Apache Airflow is an open source workflow management platform that allows for programmatic creation, scheduling, and monitoring of workflows. In Apache Airflow, a workflow (or pipeline) is represented by a Directed Acyclic Graph (DAG) that comprises of one or more related tasks. A task represents a unit of work (such as the execution of a Python script) and is implemented by an operator. Airflow comes with built-in operators, such as the PythonOperator, and can be extended using provider packages.

Let’s say you want to use an Apache Airflow deployment on Kubernetes to periodically execute a set of Jupyter notebooks or scripts that load and process data in preparation for machine learning model training.

A basic two step workflow that loads and pre-processes data
A basic two step workflow that loads and pre-processes data

Without going into the details about the how, you could implement this workflow using the generic PythonVirtualEnvOperator to run the Python script and the special purpose PapermillOperatorto run the notebook. If the latter doesn’t meet your needs, you’d have to implement its functionality yourself by developing code that performs custom pre-processing, uses the papermillPython package to run the notebook, and performs custom post-processing.

An easier way to create a pipeline from scripts and notebooks is to use Elyra’s Visual Pipeline Editor. This editor lets you assemble pipelines by dragging and dropping supported files onto the canvas and defining their dependencies.

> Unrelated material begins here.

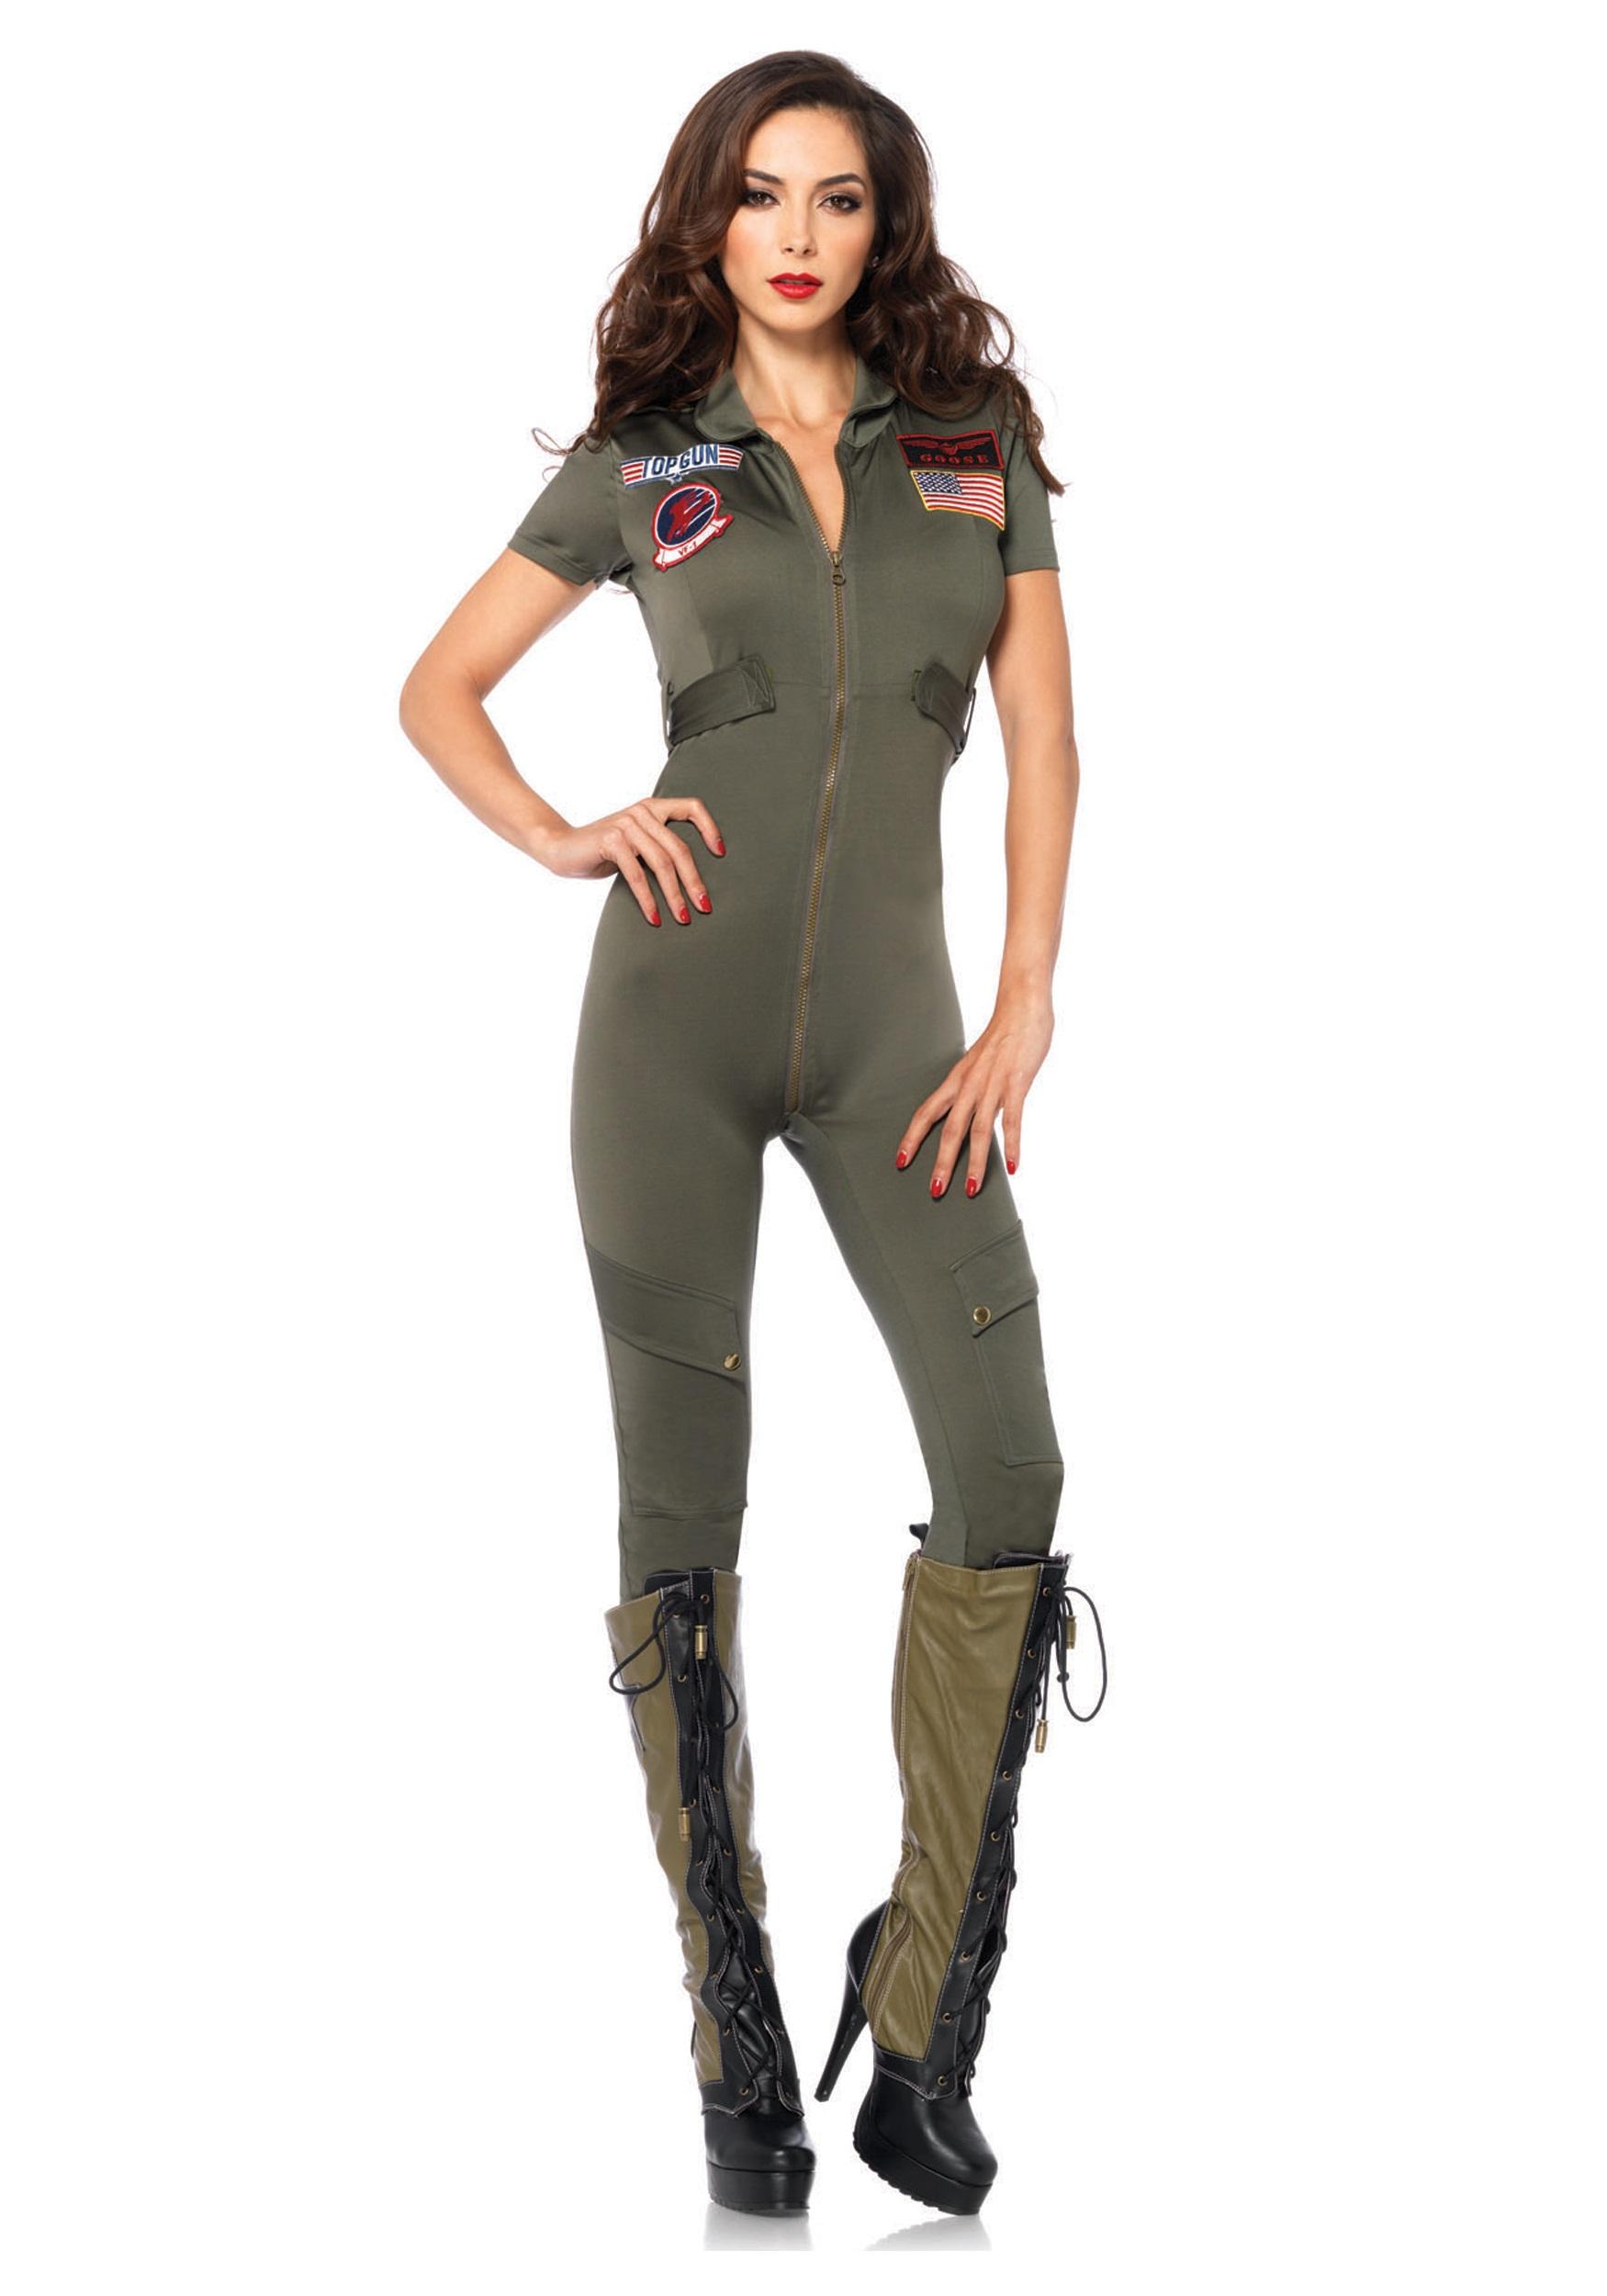 Top Gun Women's Jumpsuit Costume

This pipeline comprises of multiple notebooks and a Python script, which implement a basic machine learning workflow.
This pipeline comprises of multiple notebooks and a Python script, which implement a basic machine learning workflow.

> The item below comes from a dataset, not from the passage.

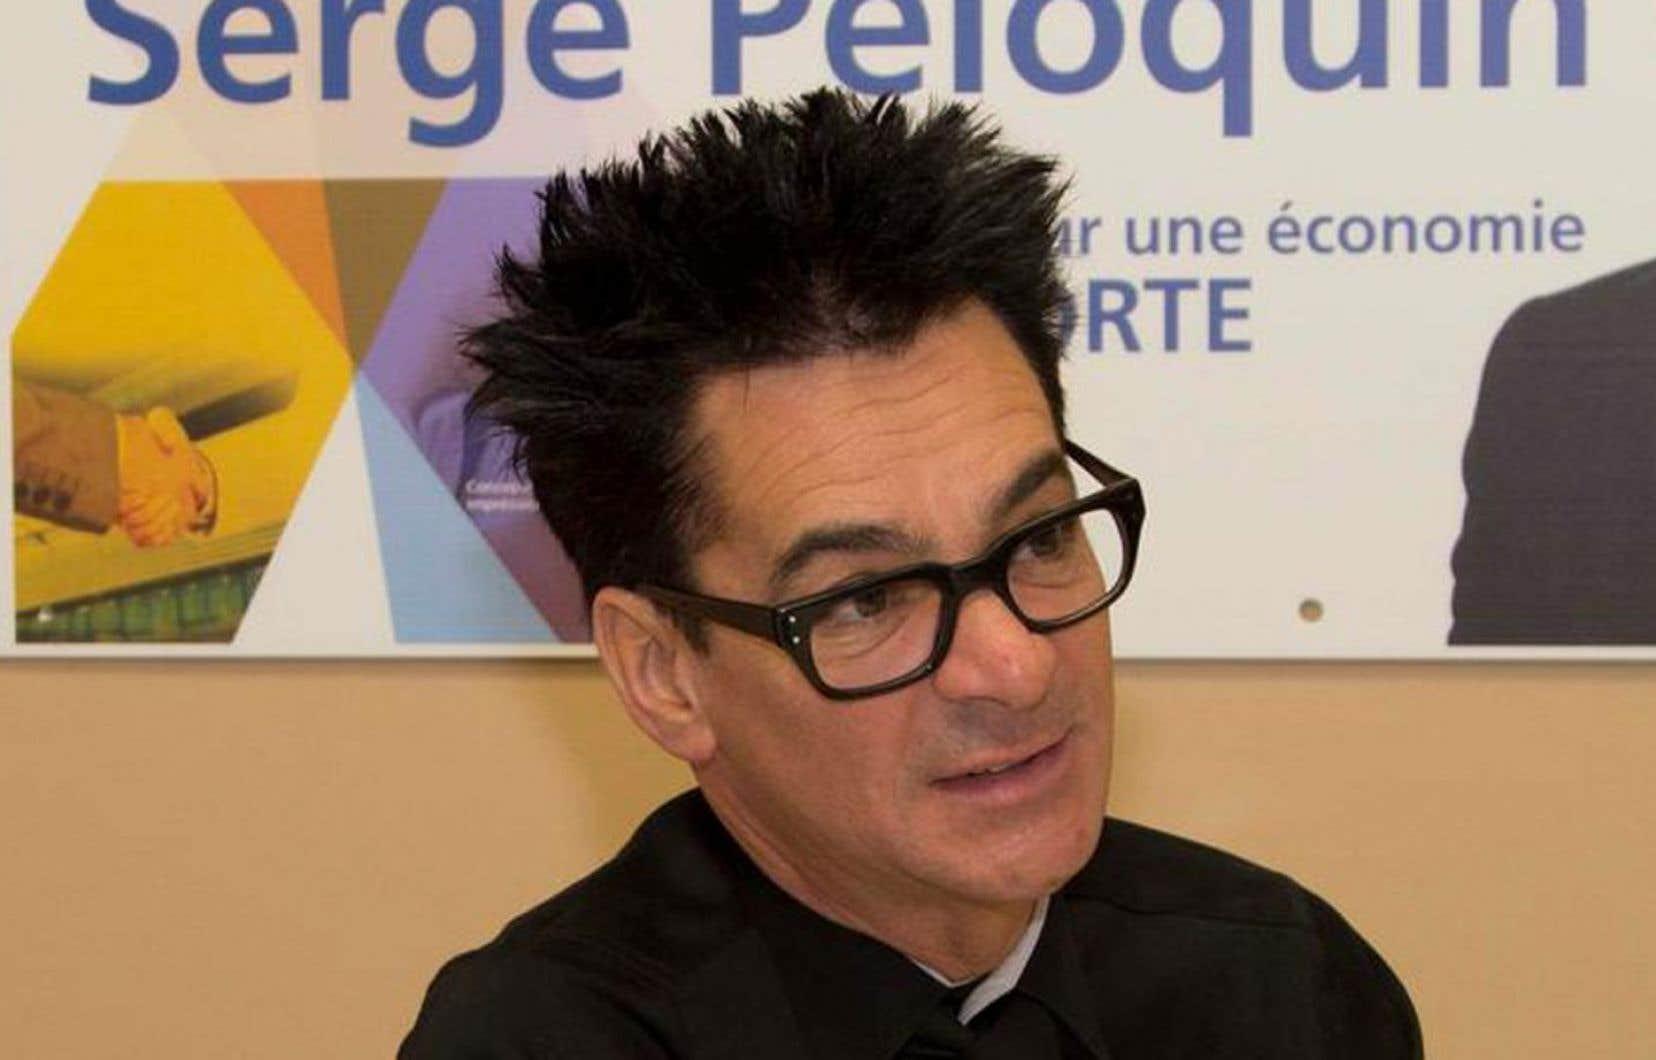 Le maire Serge Péloquin

Once you’ve assembled the pipeline and are ready to run it, the editor takes care of generating the Apache Airflow DAG code on the fly, eliminating the need for any coding.

If you are new to the Elyra open source project, take a look at the overview documentation.

The pipeline editor can also generate code that runs the pipeline in JupyterLab or on Kubeflow Pipelines for greater flexibility.

Pipelines can run in local environments and remote environments, such as Kubeflow Pipelines or Apache Airflow.
Pipelines can run in local environments and remote environments, such as Kubeflow Pipelines or Apache Airflow.

For in depth information about pipelines, the pipeline editor, and how to run them refer to the Elyra tutorials.

Prerequisites

To create pipelines in Elyra and run them on Apache Airflow, you need

Creating a pipeline

Pipelines are created in Elyra with the Visual Pipeline Editor by adding Python scripts or notebooks, configuring their execution properties, and connecting the files to define dependencies.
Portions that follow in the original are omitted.